Isoniazid is a first-line antibiotic used in the treatment of infections caused by Mycobacterium tuberculosis. Isoniazid is a prodrug requiring oxidative activation by the catalase-peroxidase hemoprotein, KatG. Resistance to isoniazid can be obtained by point mutations in the katG gene, with one of the most common being a threonine-for-serine substitution at position 315 (S315T). The S315T mutation is found in more than 50% of isoniazid-resistant clinical isolates and results in an approximately 200-fold increase in the MIC of isoniazid compared to that for M. tuberculosis H37Rv. In the present study we investigated the hypothesis that superoxide plays a role in KatG-mediated isoniazid activation. Plumbagin and clofazimine, compounds capable of generating superoxide anion, resulted in a lower MIC of isoniazid for M. tuberculosis H37Rv and a strain carrying the S315T mutation. These agents did not cause as great of an increase in isoniazid susceptibility in the mutant strain when the susceptibilities were assessed by using the inhibitory concentration that causes a 50% decrease in growth. These results provide evidence that superoxide can play a role in isoniazid activation. Since clofazimine alone has antitubercular activity, the observation of synergism between clofazimine and isoniazid raises the interesting possibility of using both drugs in combination to treat M. tuberculosis infections.     

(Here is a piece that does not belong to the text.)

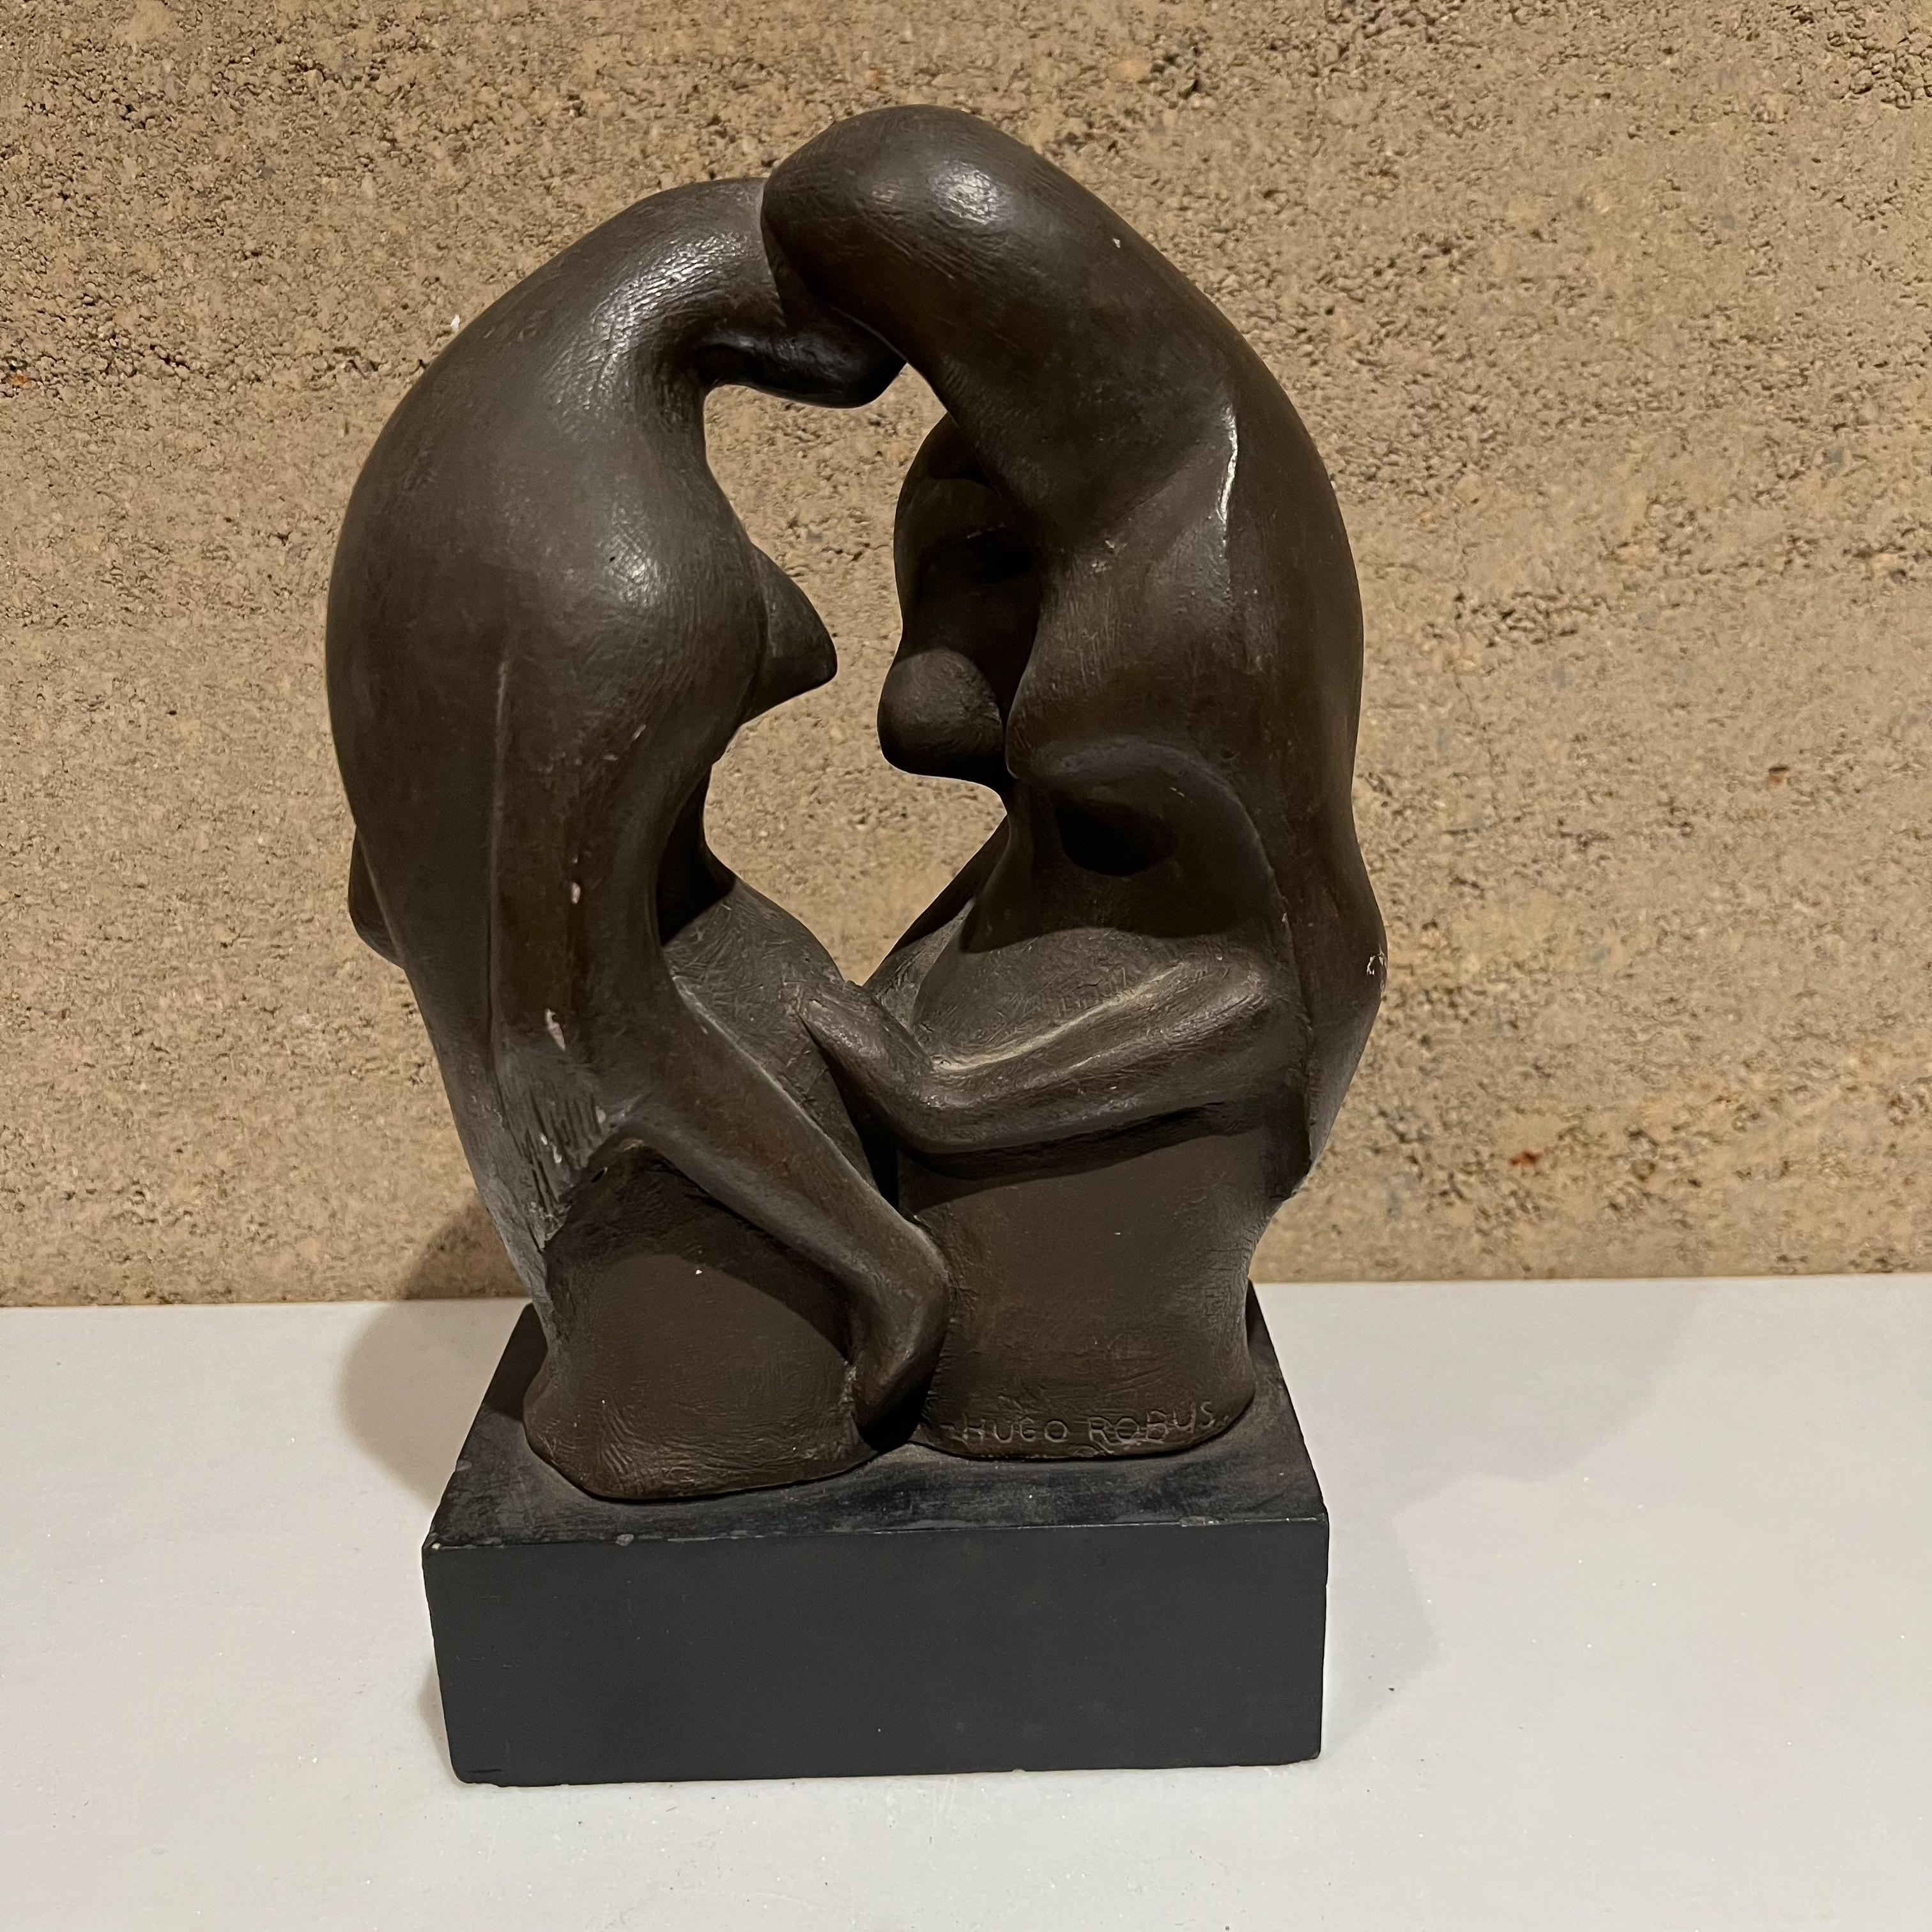 Mid-20th Century 1960s Hugo Robus Modernist Art Table Sculpture Women Embracing Bronze Plaster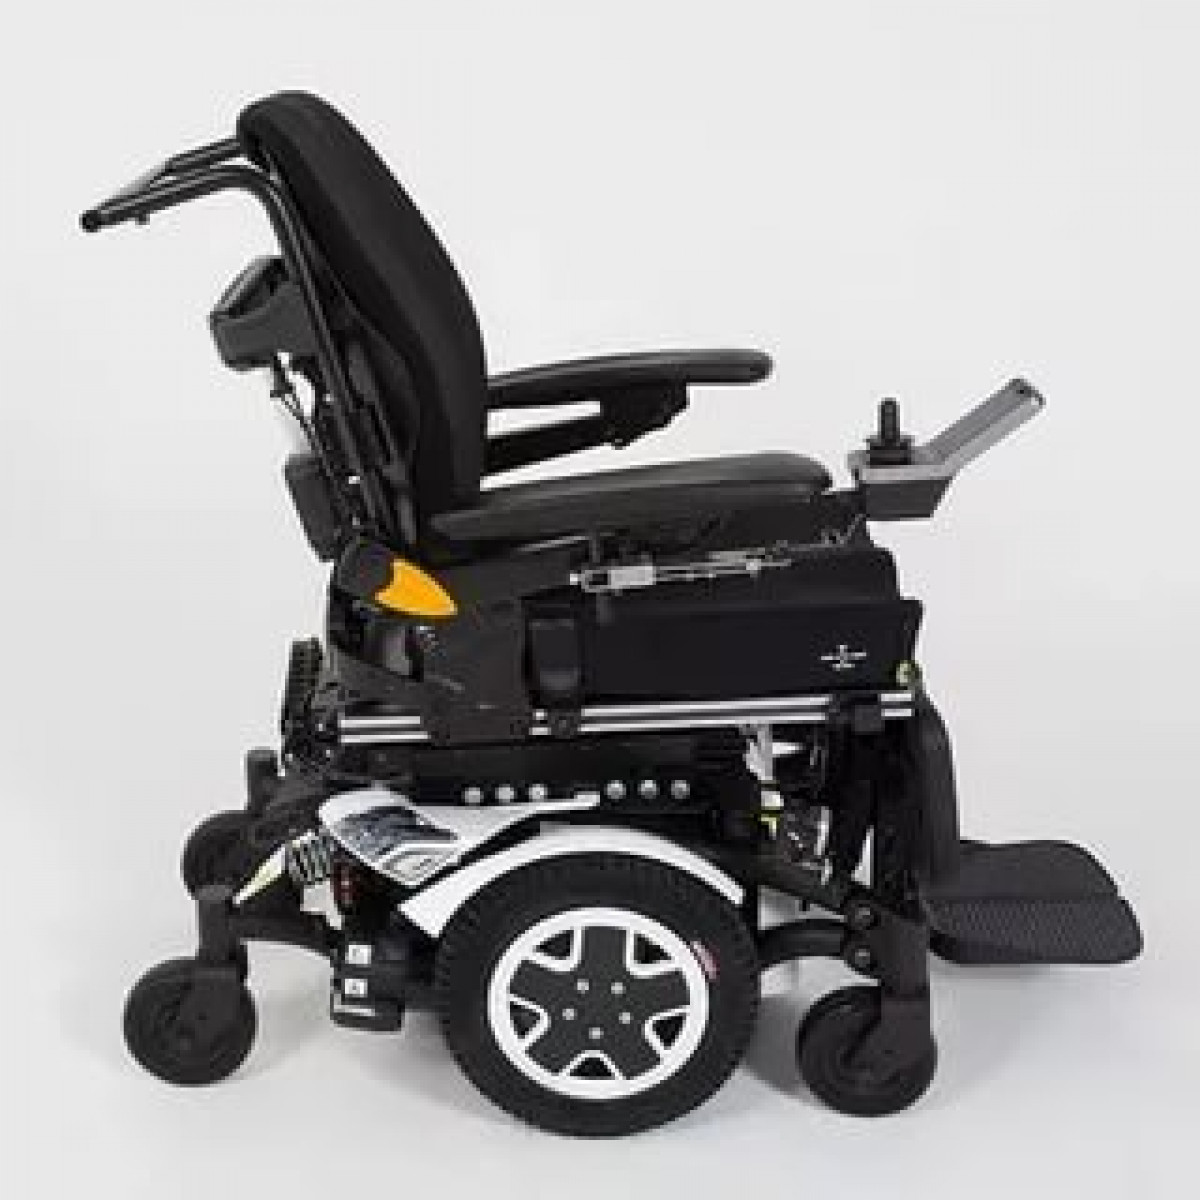 кресло коляска с электроприводом tdx invacare

ethA, inhA, and katG loci of ethionamide-resistant clinical Mycobacterium tuberculosis isolates

Ethionamide (ETH) is a structural analog of the antituberculosis drug isoniazid (INH). Both of these drugs target InhA, an enzyme involved in mycolic acid biosynthesis. INH requires catalase-peroxidase (KatG) activation, and mutations in katG are a major INH resistance mechanism. Recently an enzyme (EthA) capable of activating ETH has been identified. We sequenced the entire ethA structural gene of 41 ETH-resistant Mycobacterium tuberculosis isolates. We also sequenced two regions of inhA and all or part of katG. The MICs of ETH and INH were determined in order to associate the mutations identified with a resistance phenotype. Fifteen isolates were found to possess ethA mutations, for all of which the ETH MICs were > or =50 microg/ml. The ethA mutations were all different, previously unreported, and distributed throughout the gene. In eight of the isolates, a missense mutation in the inhA structural gene occurred. The ETH MICs for seven of the InhA mutants were > or =100 microg/ml, and these isolates were also resistant to > or =8 microg of INH per ml. Only a single point mutation in the inhA promoter was identified in 14 isolates. A katG mutation occurred in 15 isolates, for which the INH MICs for all but 1 were > or =32 microg/ml. As expected, we found no association between katG mutation and the level of ETH resistance. Mutations within the ethA and inhA structural genes were associated with relatively high levels of ETH resistance. Approximately 76% of isolates resistant to > or =50 microg of ETH per ml had such mutations.